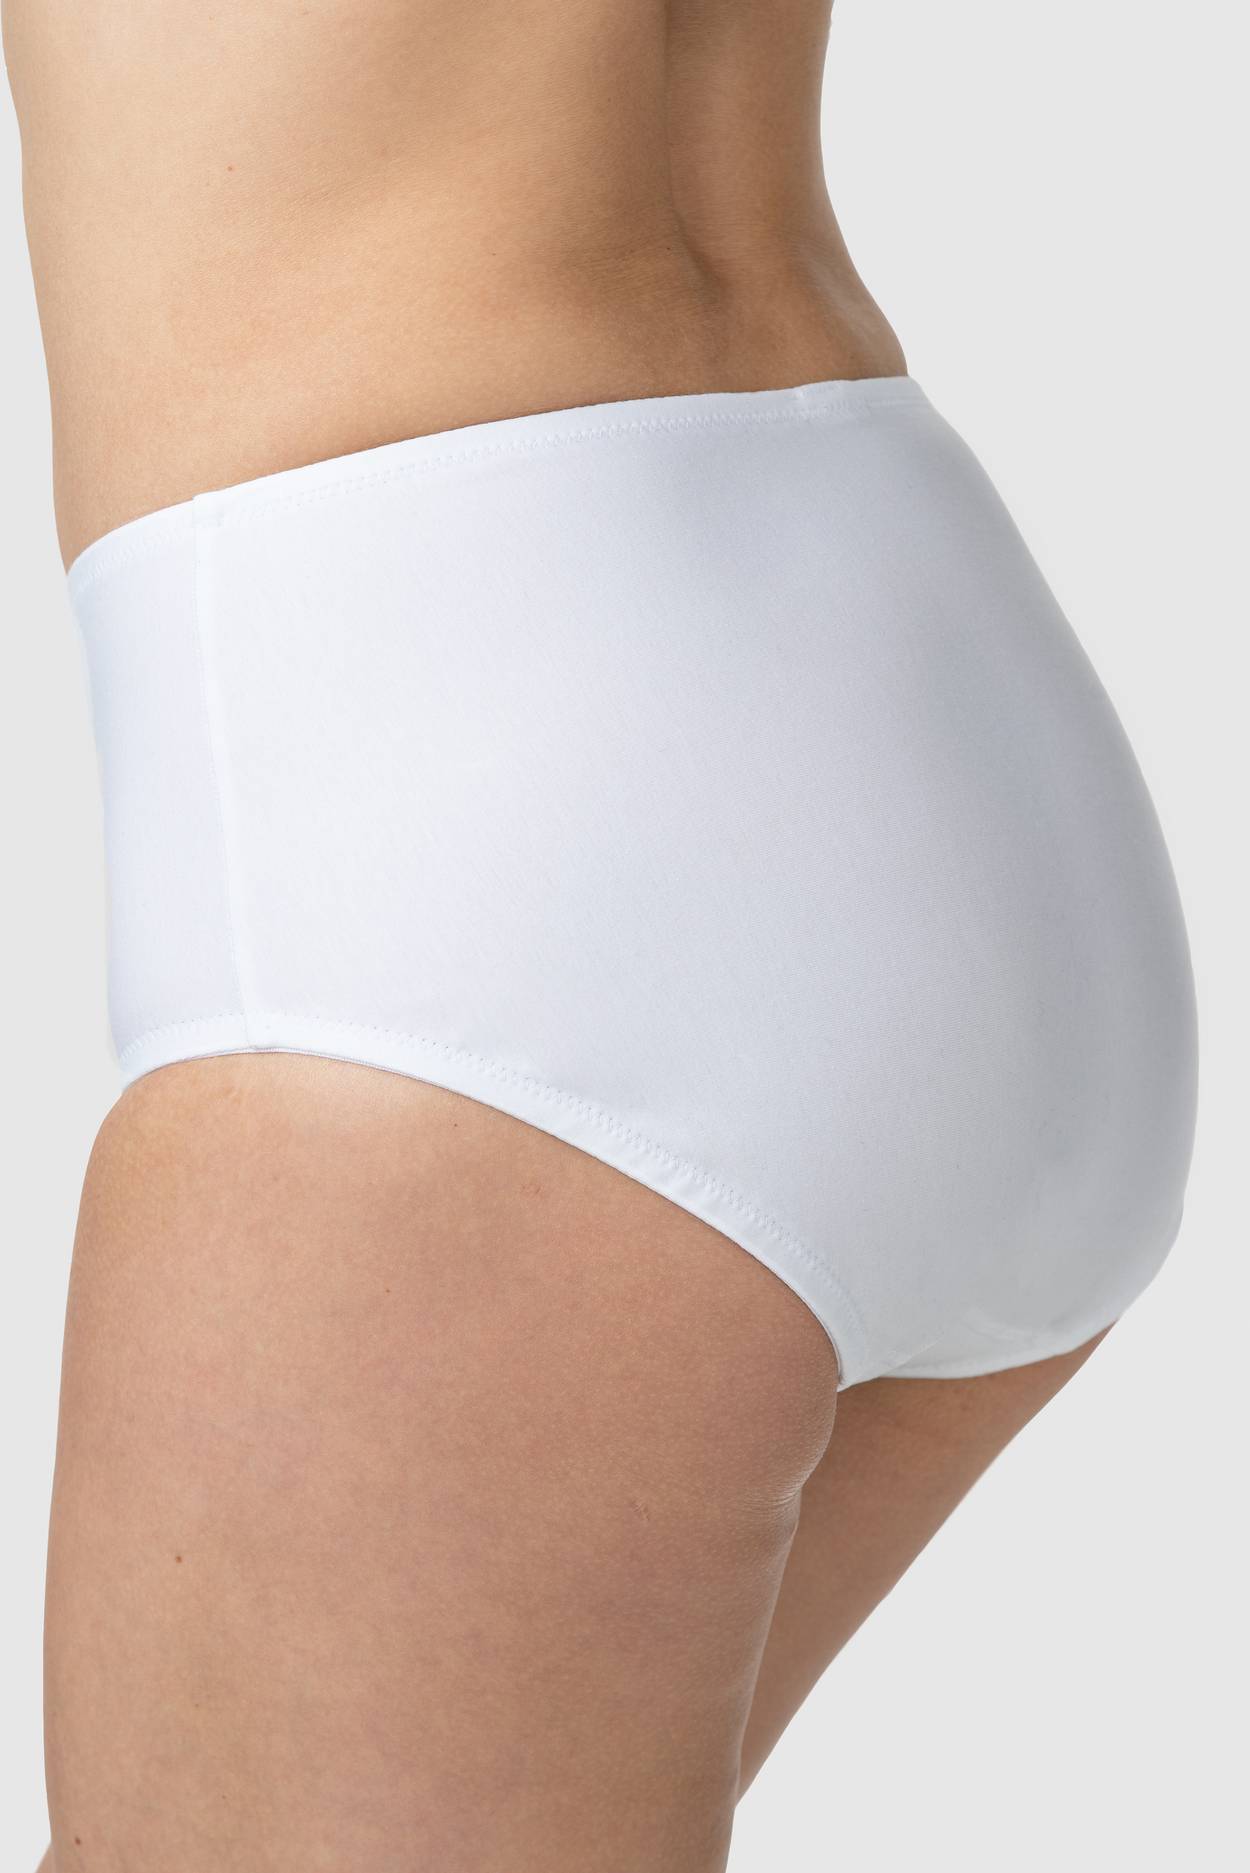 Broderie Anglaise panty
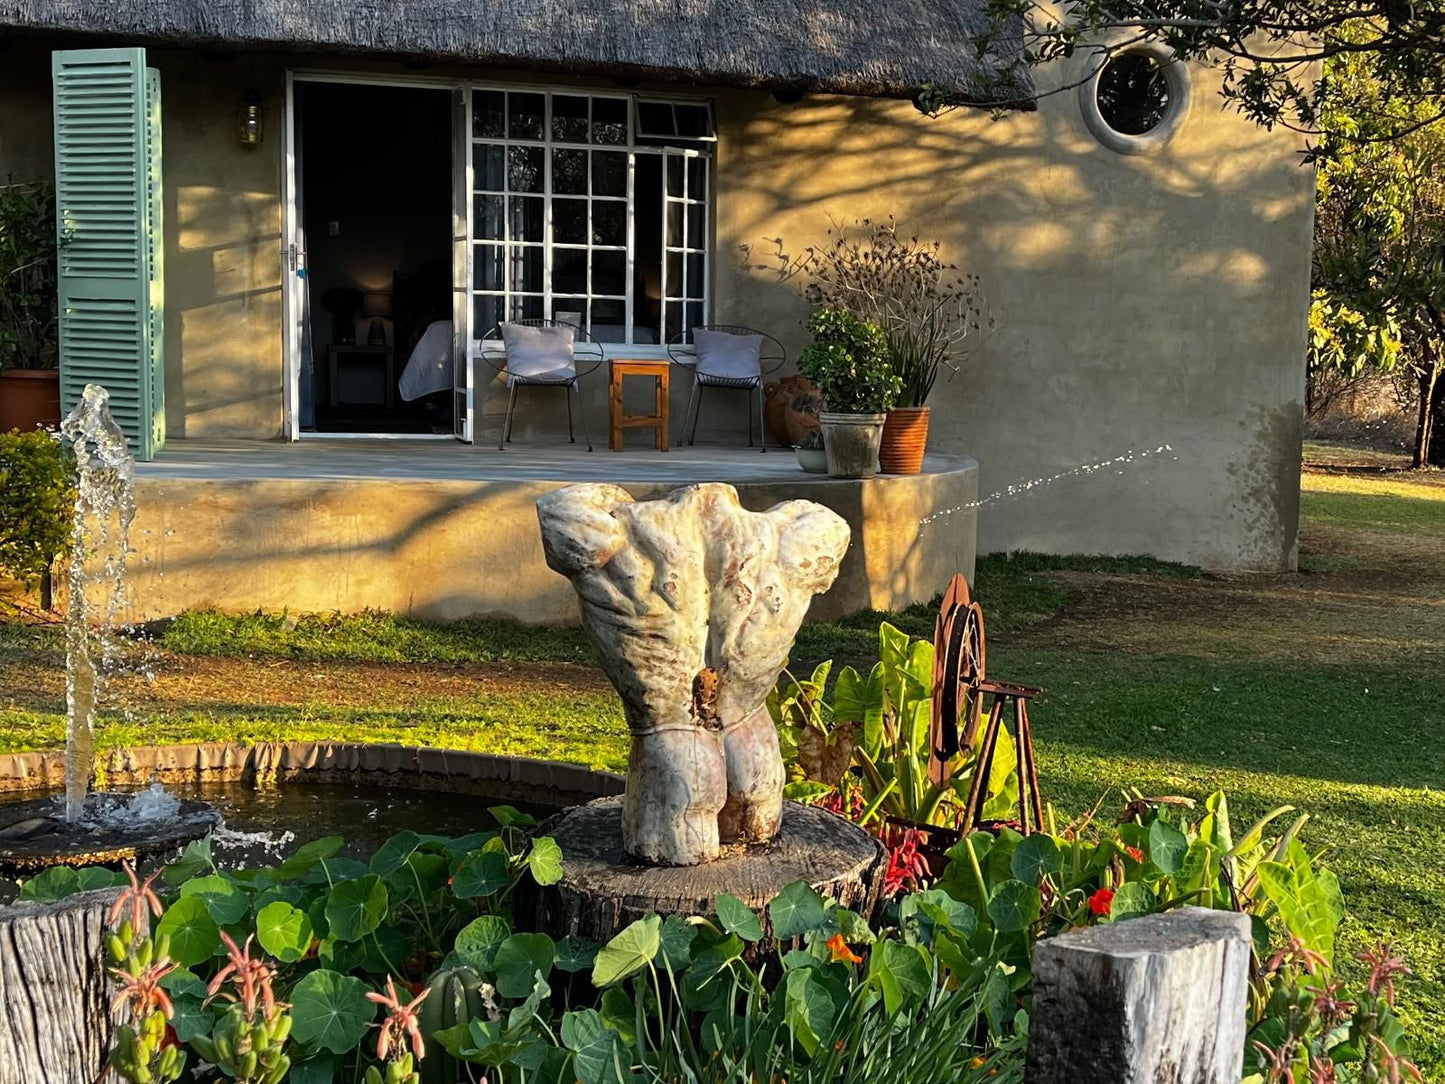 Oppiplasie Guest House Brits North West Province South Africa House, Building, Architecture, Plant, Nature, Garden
* * *
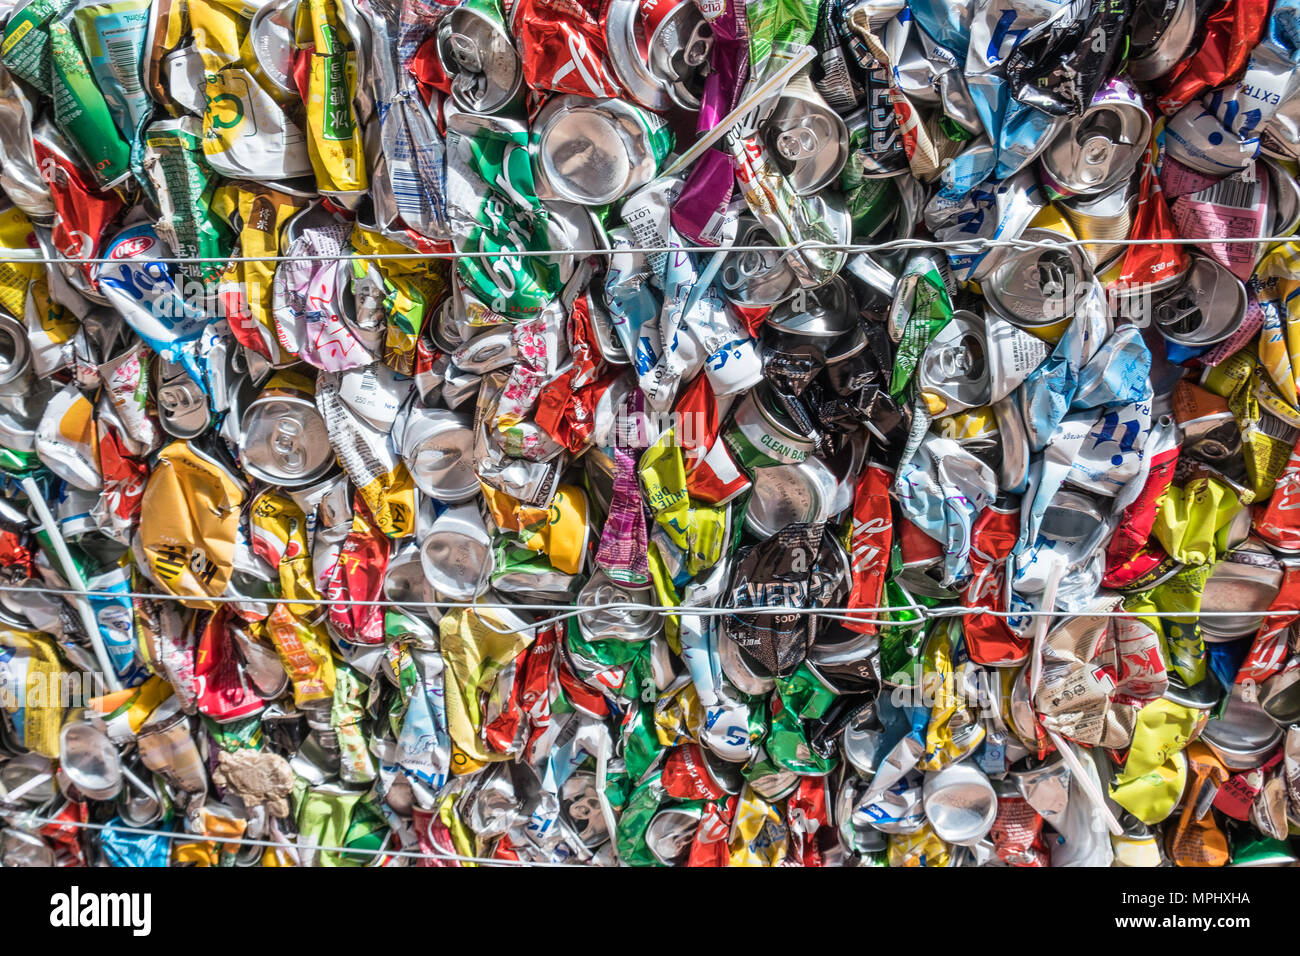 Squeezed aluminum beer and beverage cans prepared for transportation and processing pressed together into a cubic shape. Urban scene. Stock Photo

### TASK GOAL
Take only the lines above from the one that has "Broderie Anglaise panty" through the one that has "Oppiplasie Guest House" and reproduce them exactly, omitting any pictures.

### WRITTEN SOLUTION
 Broderie Anglaise panty
 Oppiplasie Guest House Brits North West Province South Africa House, Building, Architecture, Plant, Nature, Garden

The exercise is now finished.